- Opening titles
- Directed by: Herbert Wilcox
- Written by: Florence Tranter (story) Nicholas Phipps
- Produced by: George Maynard Herbert Wilcox
- Starring: Anna Neagle Michael Wilding
- Cinematography: Mutz Greenbaum
- Edited by: Vera Campbell Flora Newton
- Music by: Anthony Collins
- Production company: Herbert Wilcox Productions (as Imperadio)
- Distributed by: British Lion Films(UK)
- Release date: 11 April 1947;
- Running time: 120 minutes (UK) 112 minutes (US)
- Country: United Kingdom
- Language: English
- Budget: £315,810
- Box office: £317,836 (UK)

= The Courtneys of Curzon Street =

1947 British film by Herbert Wilcox

The Courtneys of Curzon Street (also titled The Courtney Affair, and Kathy's Love Affair, in the U.S.) is a 1947 British drama film directed by Herbert Wilcox and starring Anna Neagle and Michael Wilding.

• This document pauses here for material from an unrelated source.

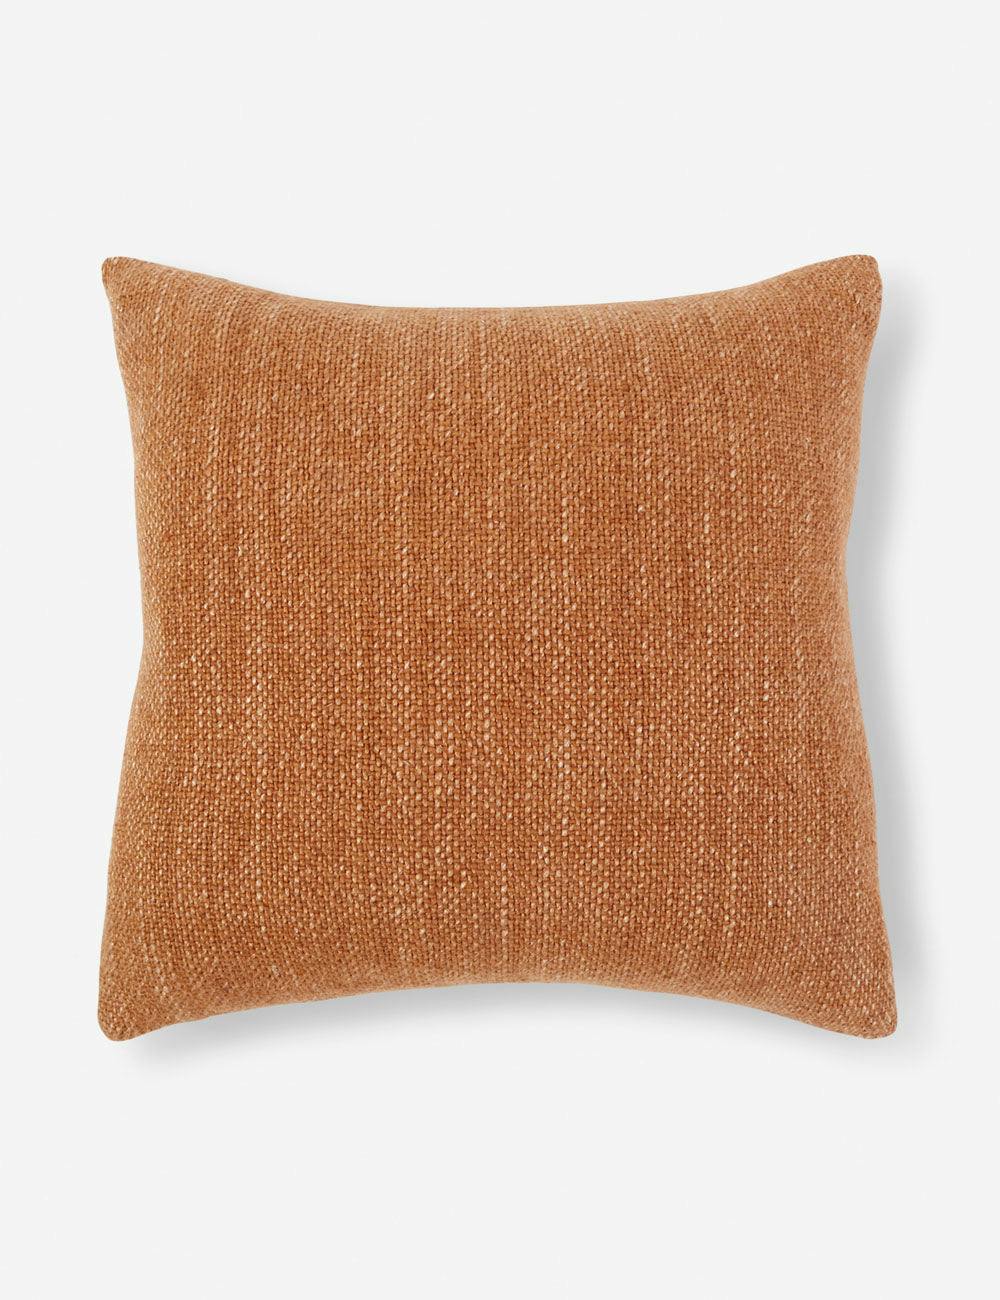 Hendrick Amber Linen 20" x 20" Handwoven Throw Pillow

It was written by Nicholas Phipps based on a story by Florence Tranter.

==Plot==
Edward Courtney, the son of a baronet shocks class-conscious 1900 British society by marrying Kate, his Irish servant. The film chronicles 45 years in their lives together and apart, through the Boer War and World War I and World War II.

The family live on Curzon Street, a high class street in the Mayfair district of London.

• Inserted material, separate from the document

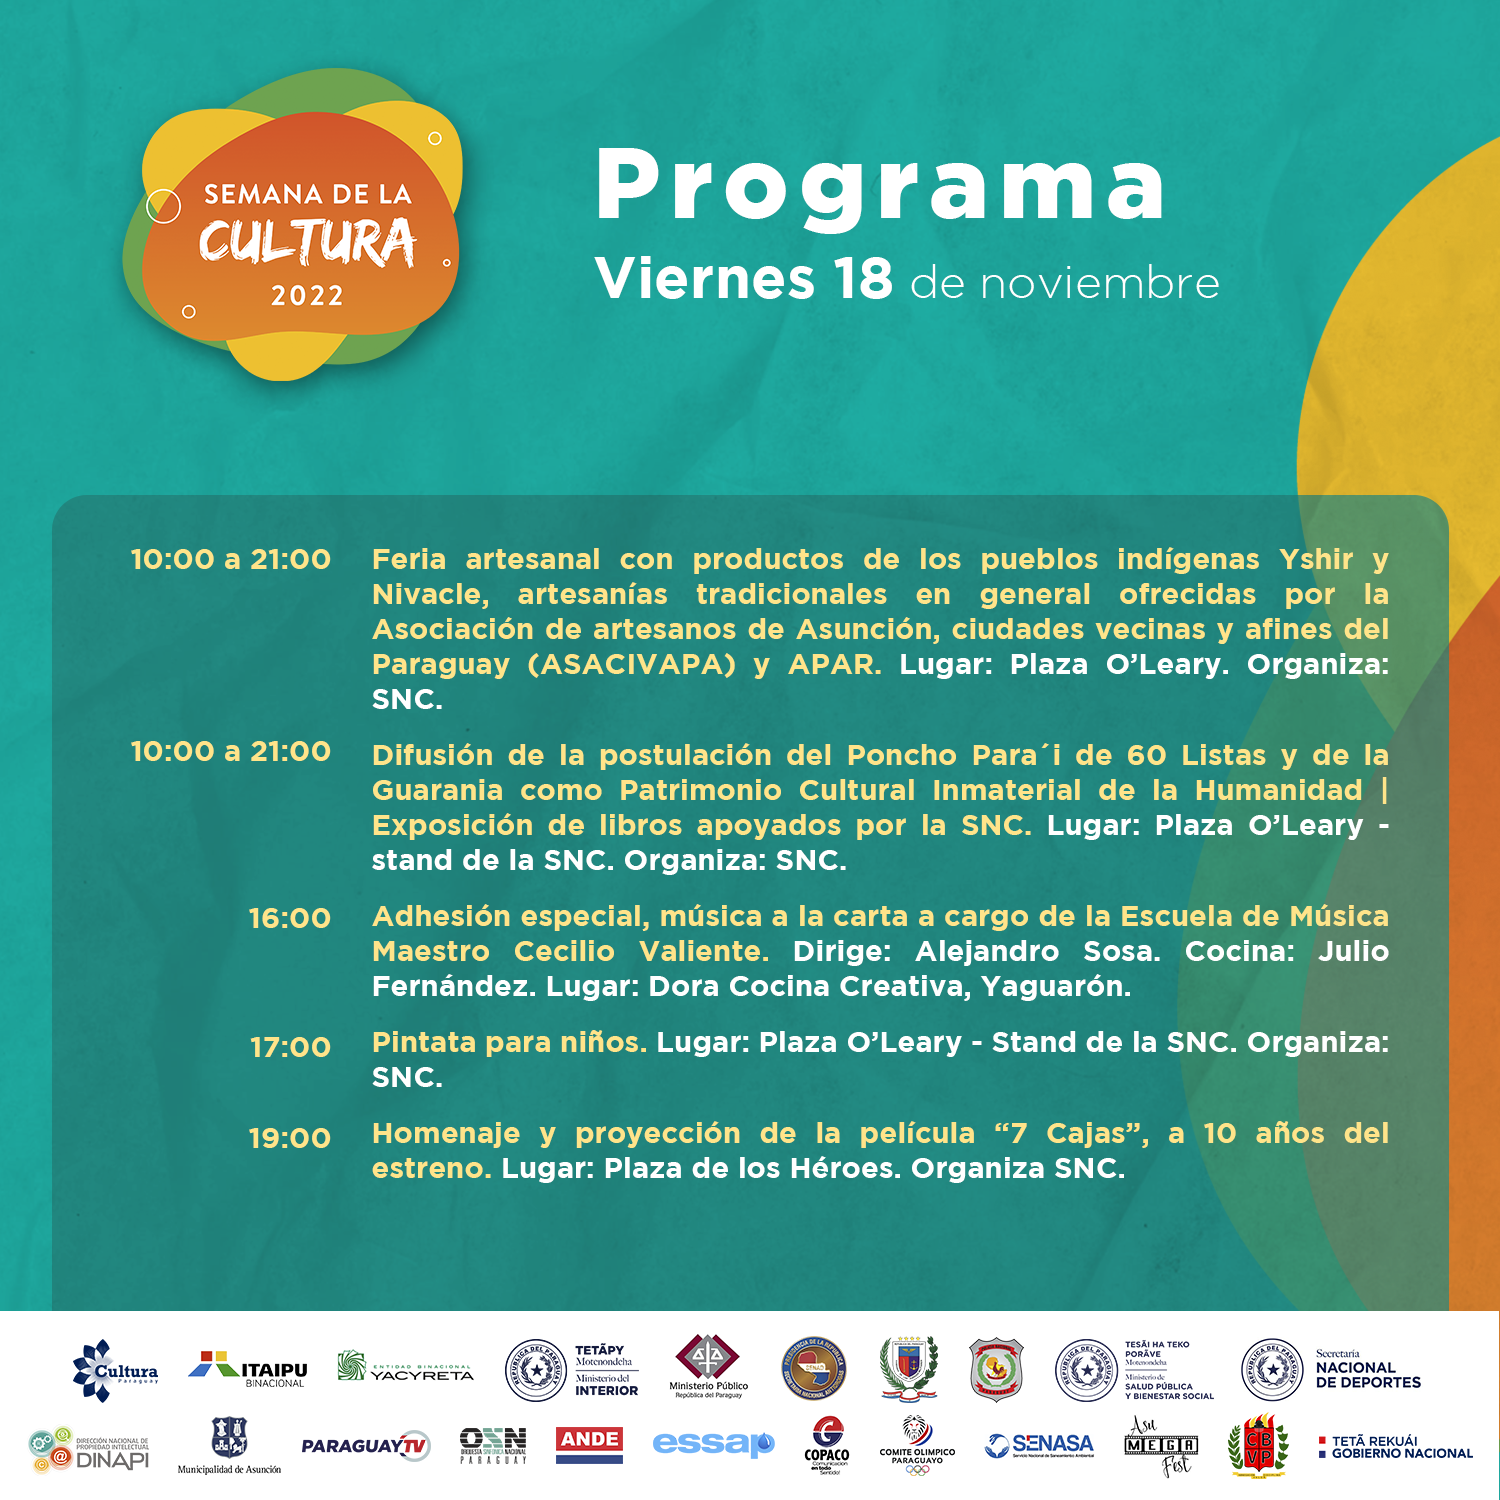 #SemanaCultura2022 || Programa viernes 18 de noviembre imagen

Kate begins to feel the awkwardness at a musical recital before Queen Victoria, where all the "true ladies" are staring at her. Later she hears gossip about herself.

Edward is an officer in the Horse Guards but Kate does not realise he cannot return her wave when he is on duty. She packs her bags and leaves without telling Edward. She returns to Ireland then develops an idea to be an actress, adopting the stage name of "May Lynton".

Meanwhile Edward goes in India where he accidentally finds the truth as to why she left.

Kate takes up her career as a singer in the theatre. Her father-in-law visits her backstage and gives her an update whilst trying to retain her separate identity. He says his wife is now dead... she missed her son and his wife too much. Kate also updates him, saying her father was killed at the Battle of Spion Kop.

The First World War starts and Edward returns from India and finds Kate. She confesses they have a son, also called Edward (Teddy). They go to visit him at his boarding school. The absence has been long as he is around 12 years old. They go out for high tea and discuss cricket and the new Rupert Brooke poem "The Soldier". The war ends.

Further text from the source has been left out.